Return all the lines below exactly as written. Drop every picture.

» Collected material
+++++
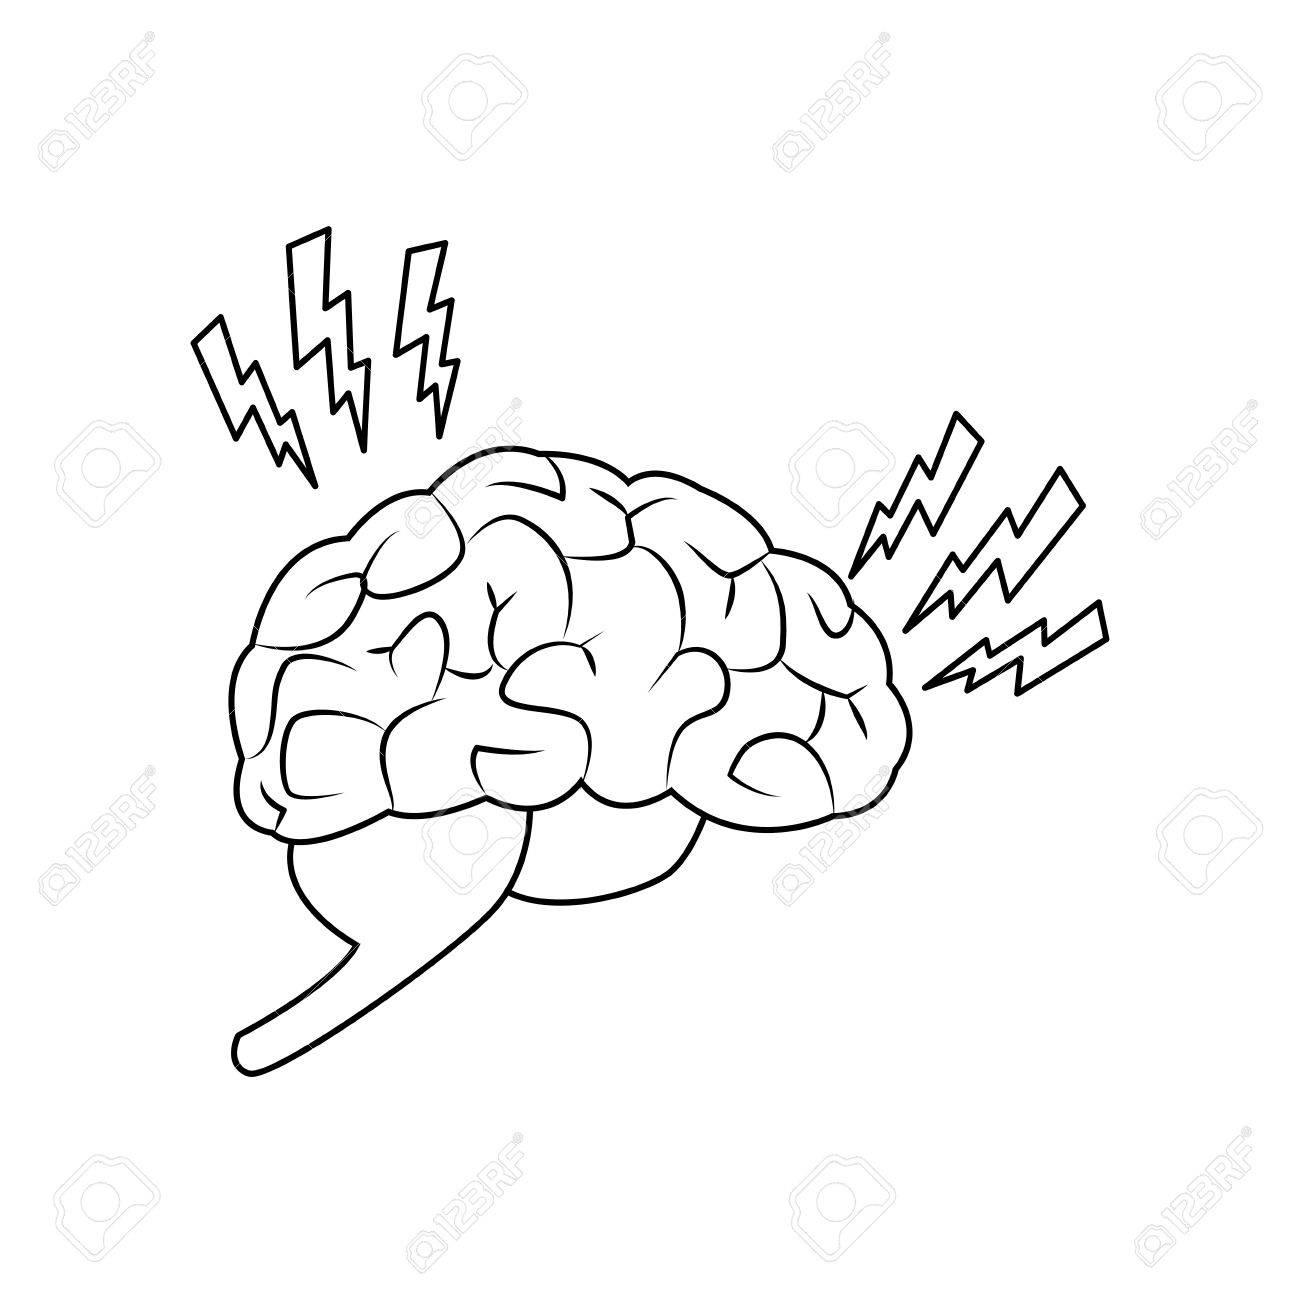 1300x1300 Abstract Human Brain Injury Stroke Cartoon Vector Illustration
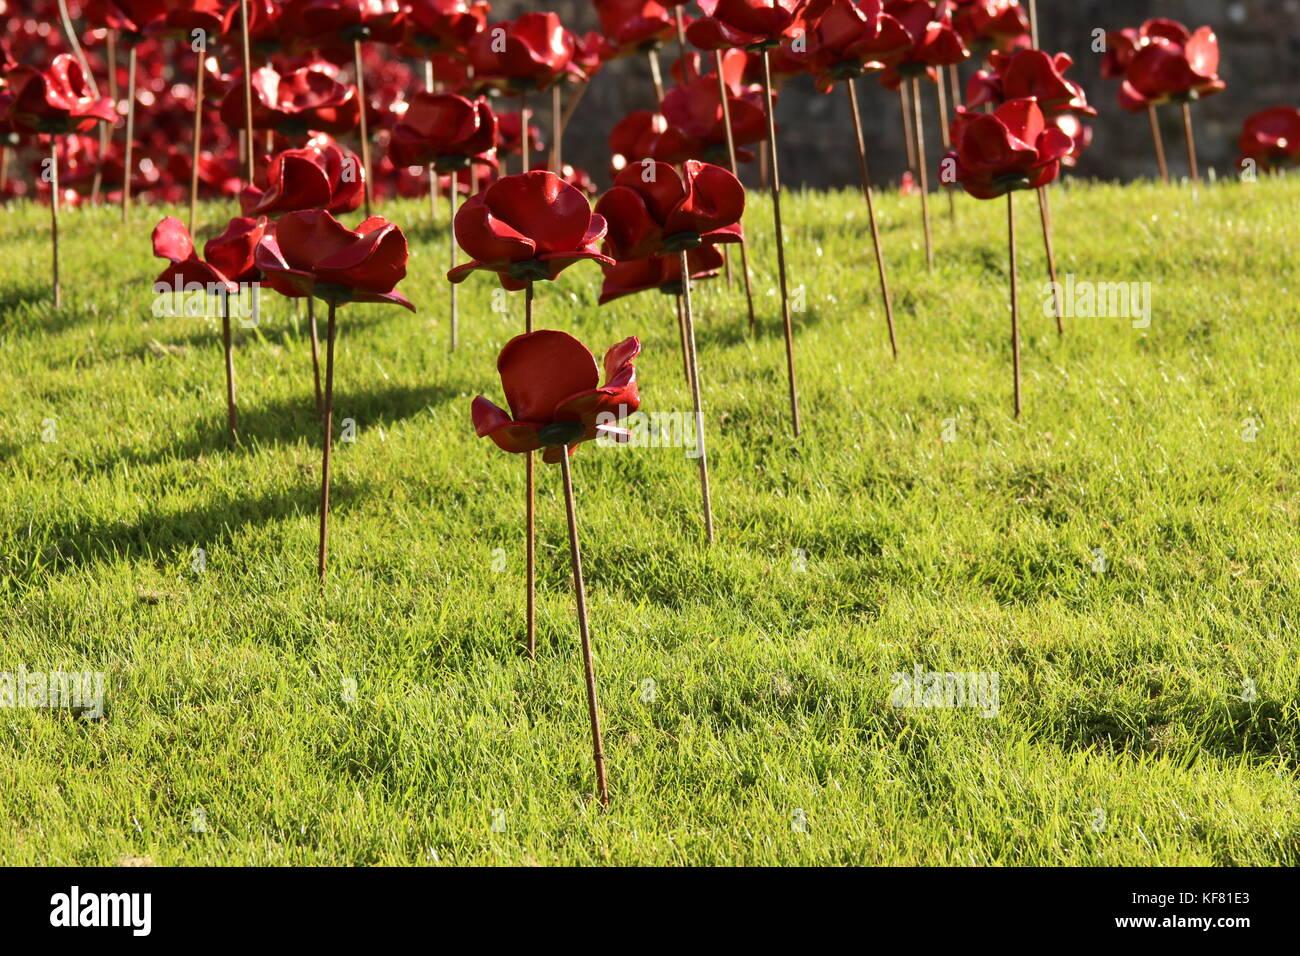 Weep window installation at Caerarfon castle Wales, display ceramic poppies war memorial - Stock Image
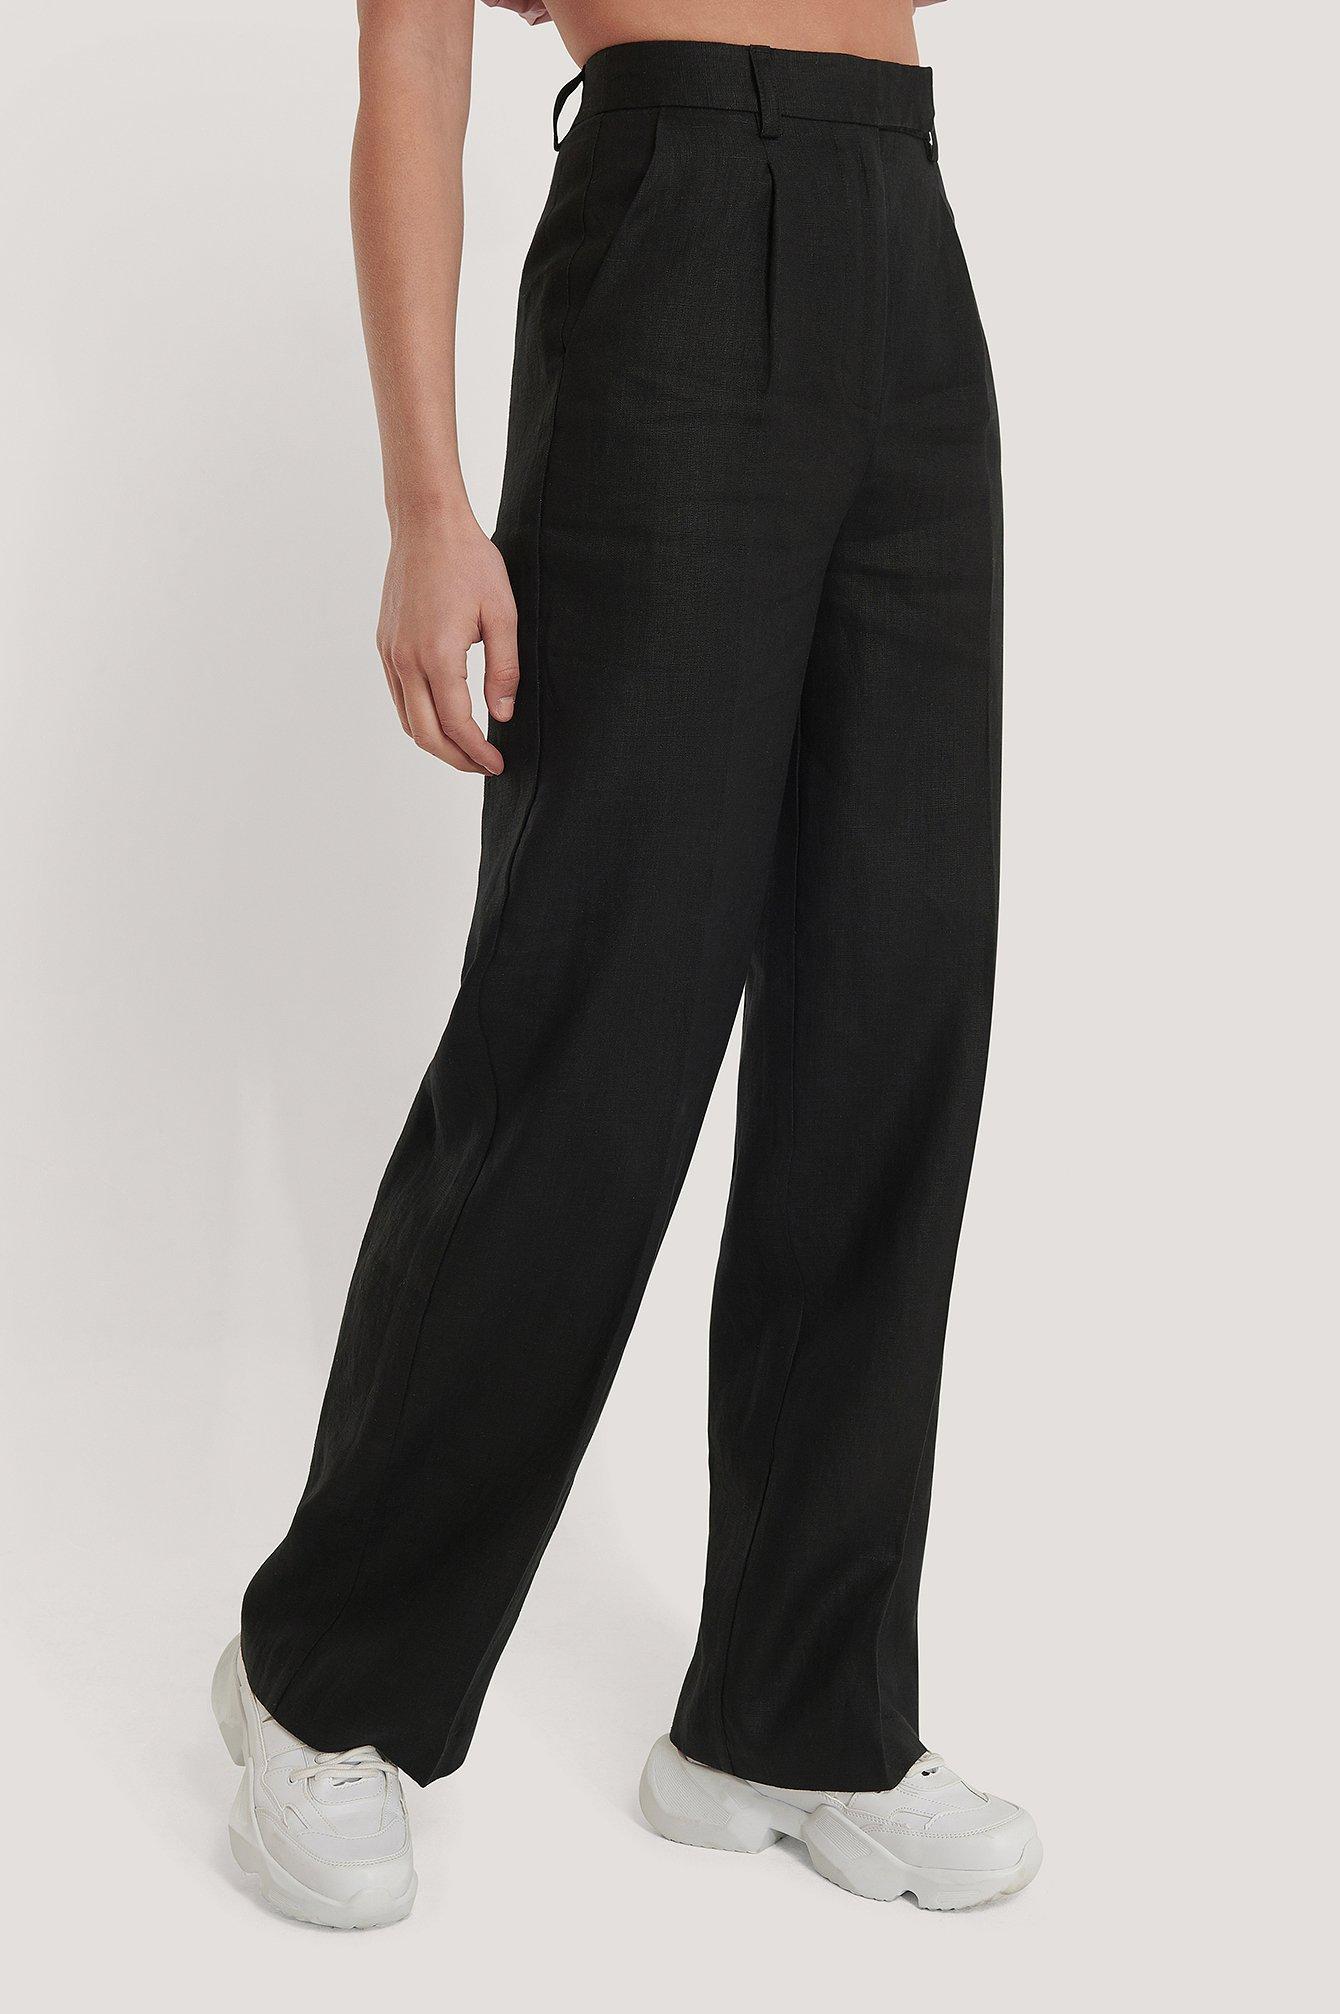 nakd_linen_wide_leg_pants_1594-000400-0002_03h
+++++
» Exercise result
 1300x1300 Abstract Human Brain Injury Stroke Cartoon Vector Illustration
 Weep window installation at Caerarfon castle Wales, display ceramic poppies war memorial - Stock Image
 nakd_linen_wide_leg_pants_1594-000400-0002_03h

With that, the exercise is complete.